> [Data block]
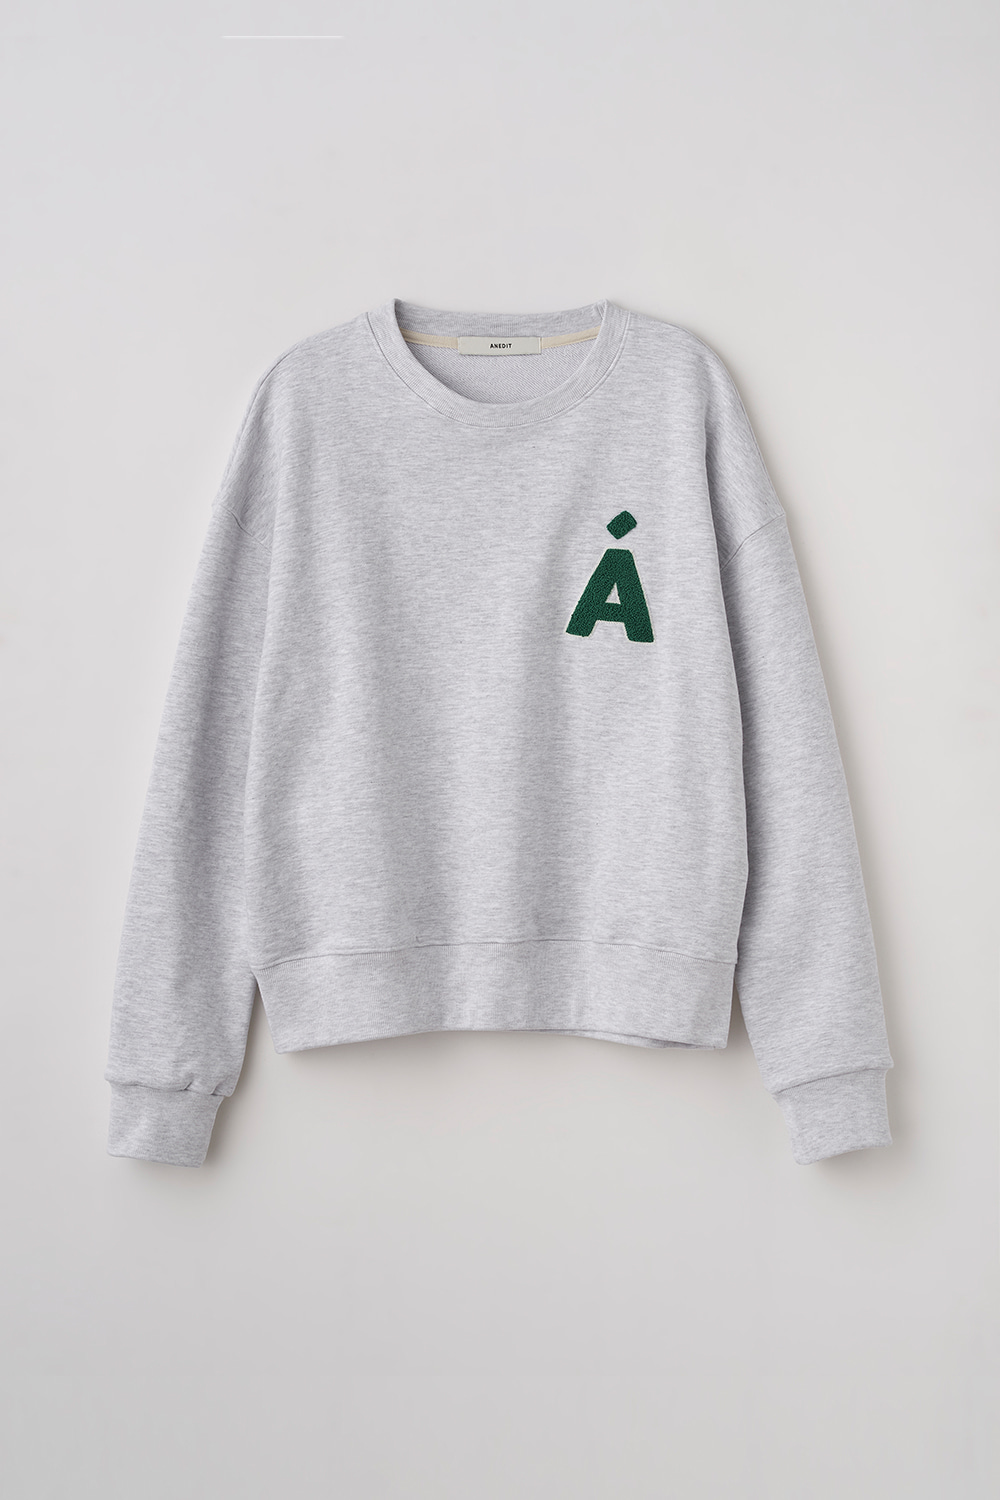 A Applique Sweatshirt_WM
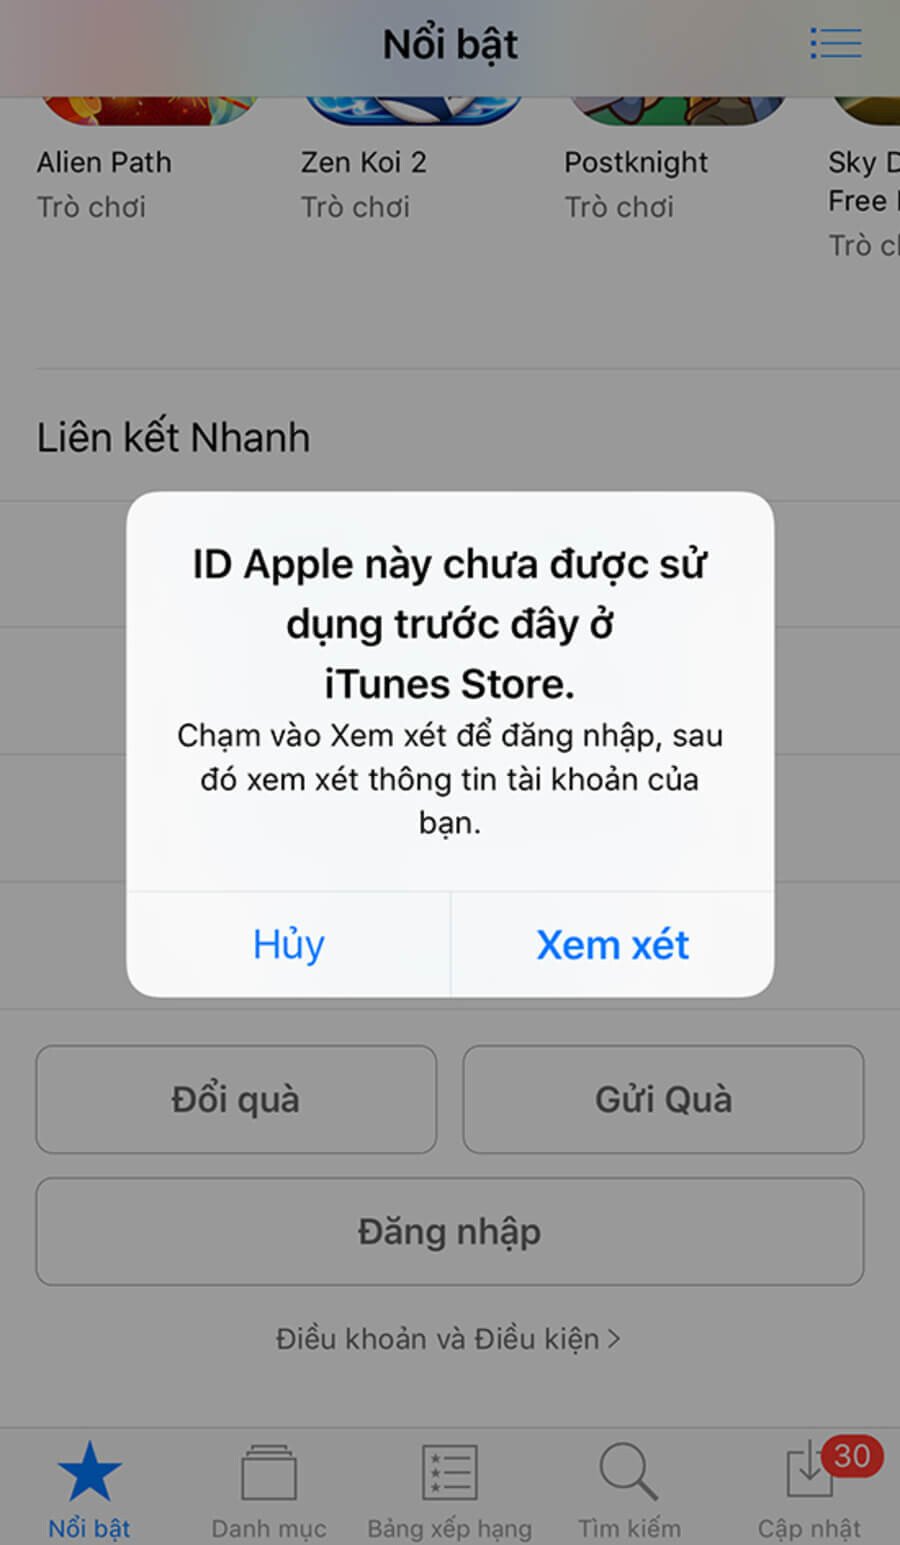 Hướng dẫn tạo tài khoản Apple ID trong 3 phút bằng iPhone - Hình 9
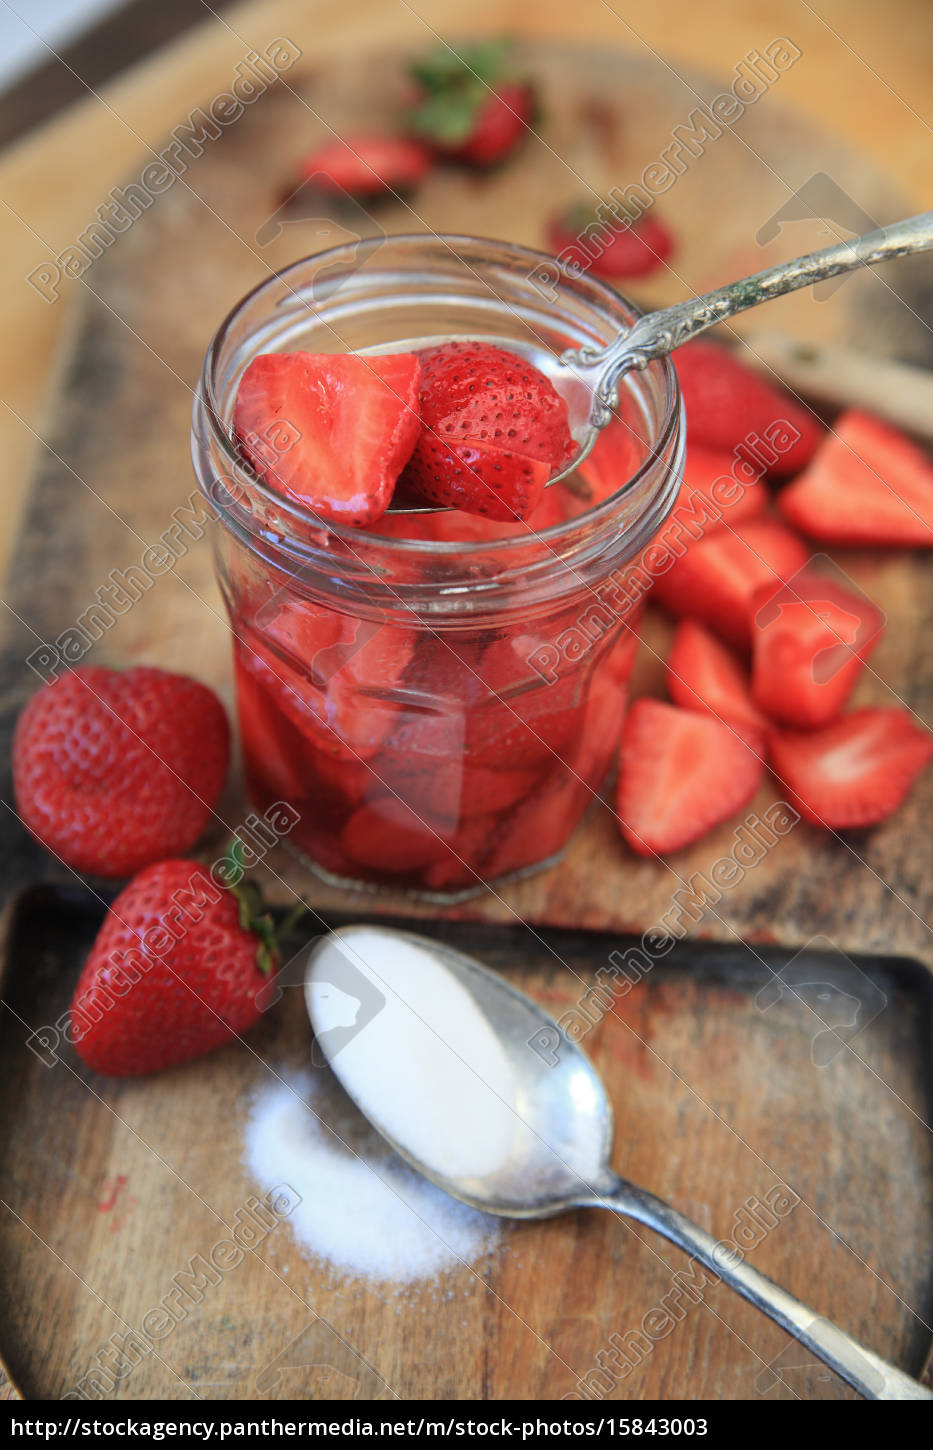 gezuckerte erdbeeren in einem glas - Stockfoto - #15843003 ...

> [What is expected] Please repeat the listing above word for word, with the pictures removed.

> [Task output]
 A Applique Sweatshirt_WM
 Hướng dẫn tạo tài khoản Apple ID trong 3 phút bằng iPhone - Hình 9
 gezuckerte erdbeeren in einem glas - Stockfoto - #15843003 ...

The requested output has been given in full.